In the lithium-ion battery electrode rolling process, does the rolling temperature affect the battery electrode and battery performance? This article shares some information, extracting parts to explain the impact of lithium-ion battery electrode rolling temperature. Electrode rolling is divided into two methods: cold rolling and hot rolling. Currently, hot rolling is widely used abroad for electrode rolling, while cold rolling is still more common in China. Compared with cold rolling, hot rolling has the following main advantages:
1) It can reduce electrode rebound by approximately 50%;
2) The thickness of the electrode sheet can be compressed to the required thickness using a smaller rolling force, with the rolling force reduced by up to 62%;
3) Enhance the bonding force between the coating material and the current collector, reduce the occurrence of powder shedding during battery charge and discharge cycles, and improve the cycle life of the battery.
We used LiFePO4 as the positive electrode material and lithium foil as the negative electrode material to fabricate a coin cell lithium-ion battery. We investigated the effects of the rolling temperature of the positive electrode sheet on the battery electrode sheet and the battery electrochemical performance using three parameters: areal density, compaction density, and thickness uniformity.
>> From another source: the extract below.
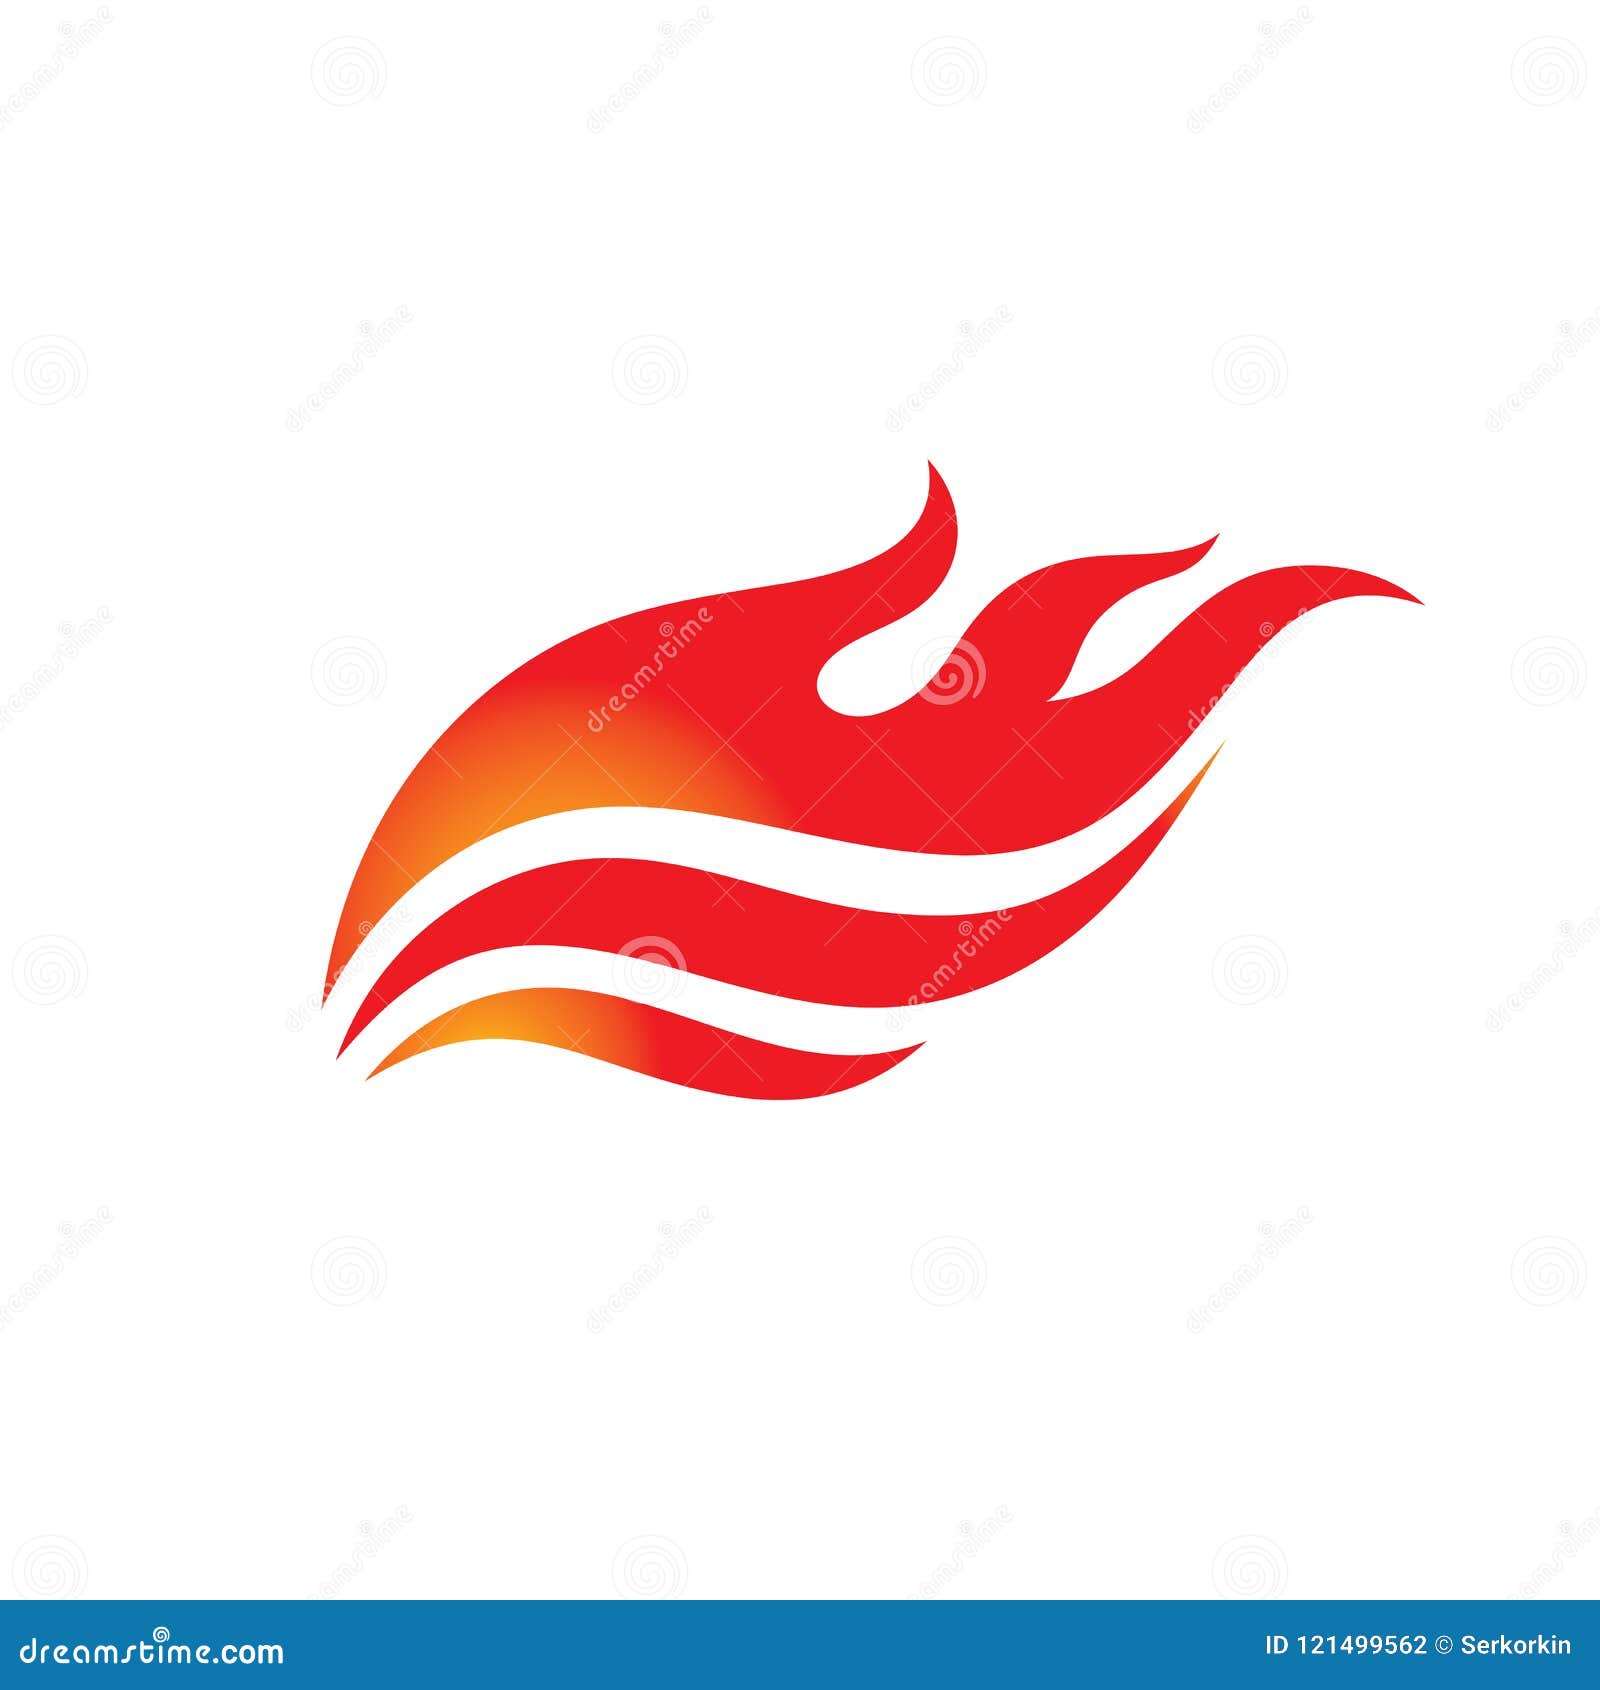 Flame - ilustração do conceito de logotipo vetorial. Sinal de fogo

Figure 1. Electrode thickness at different rolling temperatures.
Figure 1 shows the thickness curves of an electrode with a coating thickness of 100 μm at different rolling temperatures. As shown in the figure, as the rolling temperature increases from 20°C to 90°C and then to 160°C, the electrode thickness deviation decreases from ±1.9 μm to ±1.3 μm and then to ±0.8 μm. The uniformity of electrode thickness gradually improves. This is because as the rolling temperature increases, the deformation resistance of the electrode coating decreases and the plasticity improves, making the electrode surface thickness more uniform.
Figure 2. SEM images of the electrode coating material surface at different rolling temperatures.
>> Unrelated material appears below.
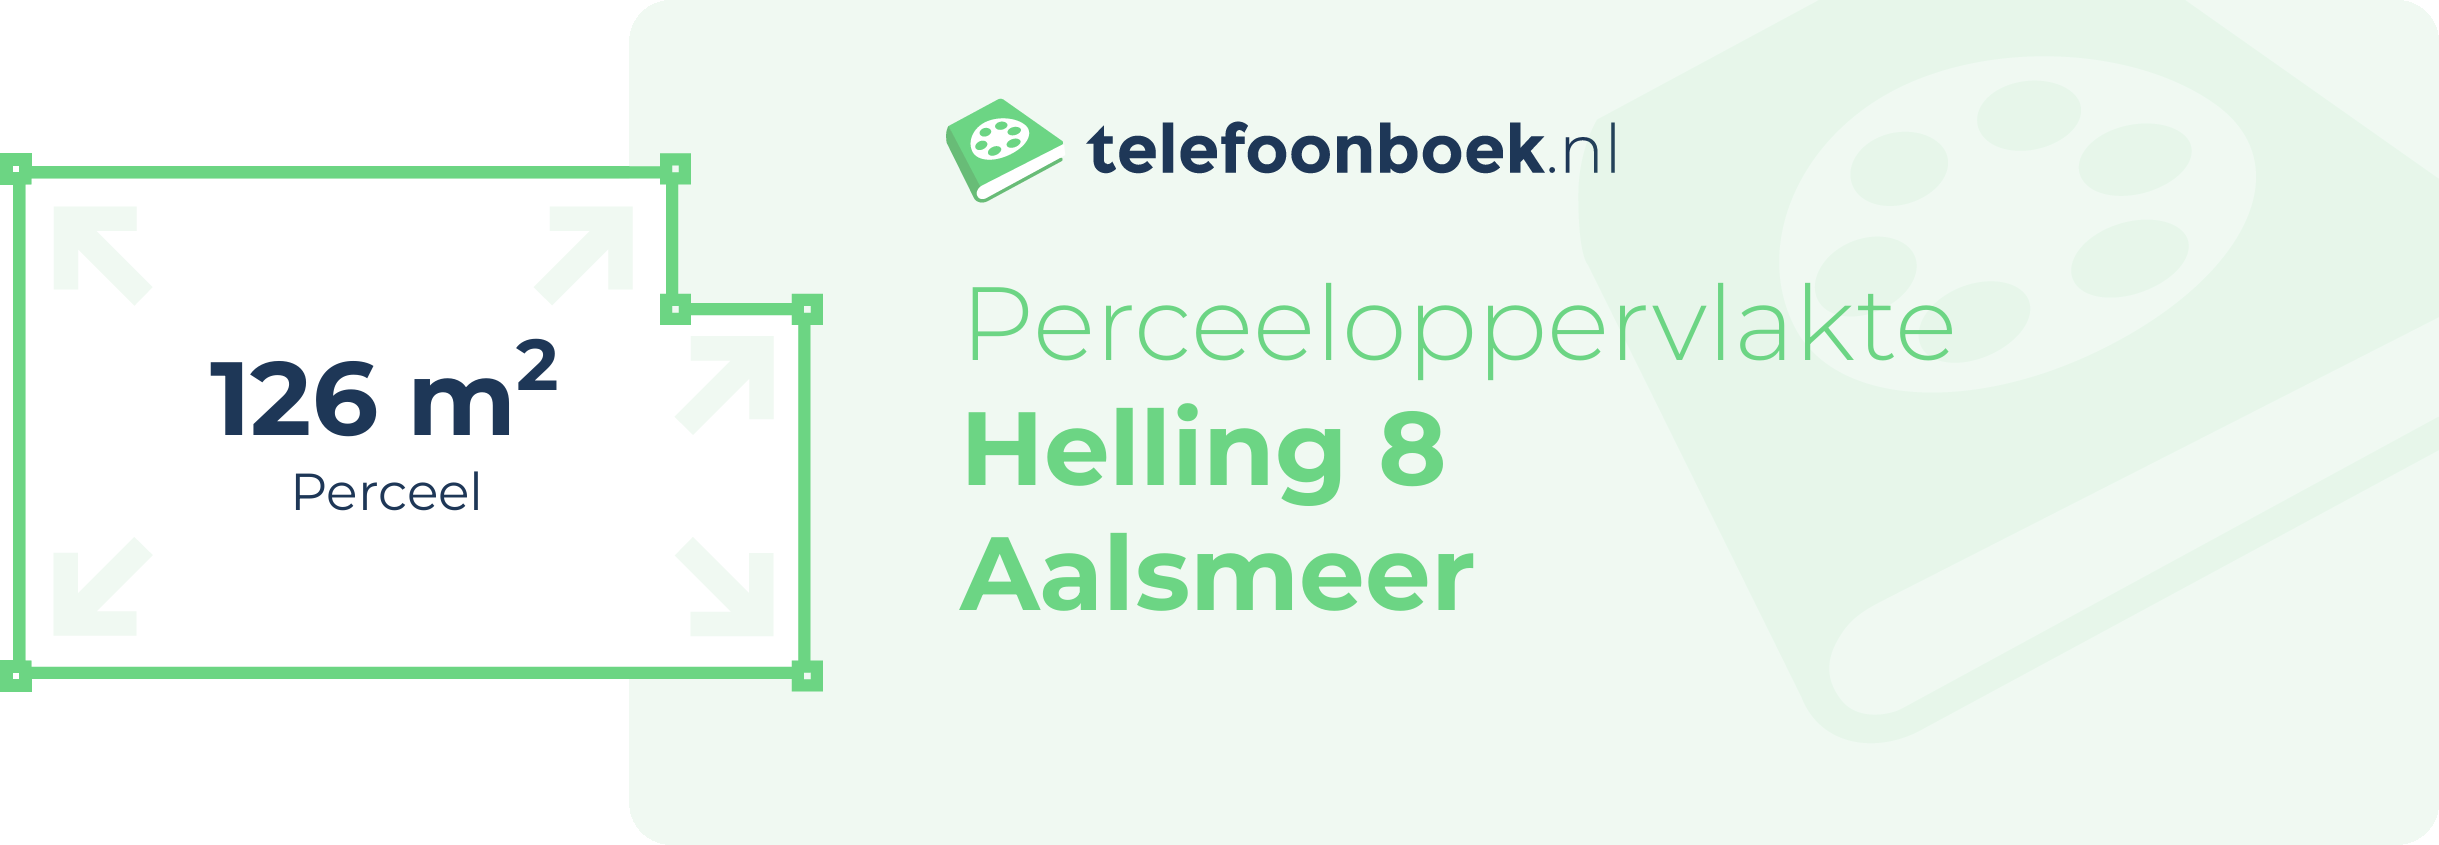 Perceeloppervlakte Helling 8 Aalsmeer

Figure 2 shows SEM images of the electrode coating material surface at different rolling temperatures. As shown in the figure, at a rolling temperature of 20°C, the particles on the electrode coating surface are relatively tightly bonded in some areas, but not so tightly bonded in others, and a small number of micropores exist. At a rolling temperature of 90°C, the degree of particle bonding on the electrode coating surface increases, the tightly bonded area increases, and the number of micropores decreases. At a rolling temperature of 160°C, the degree of particle bonding on the electrode coating surface further increases, the tightly bonded area further increases, and the number of micropores further decreases. Different rolling temperatures alter the deformation resistance of the coating, resulting in different degrees of density on the electrode coating material surface.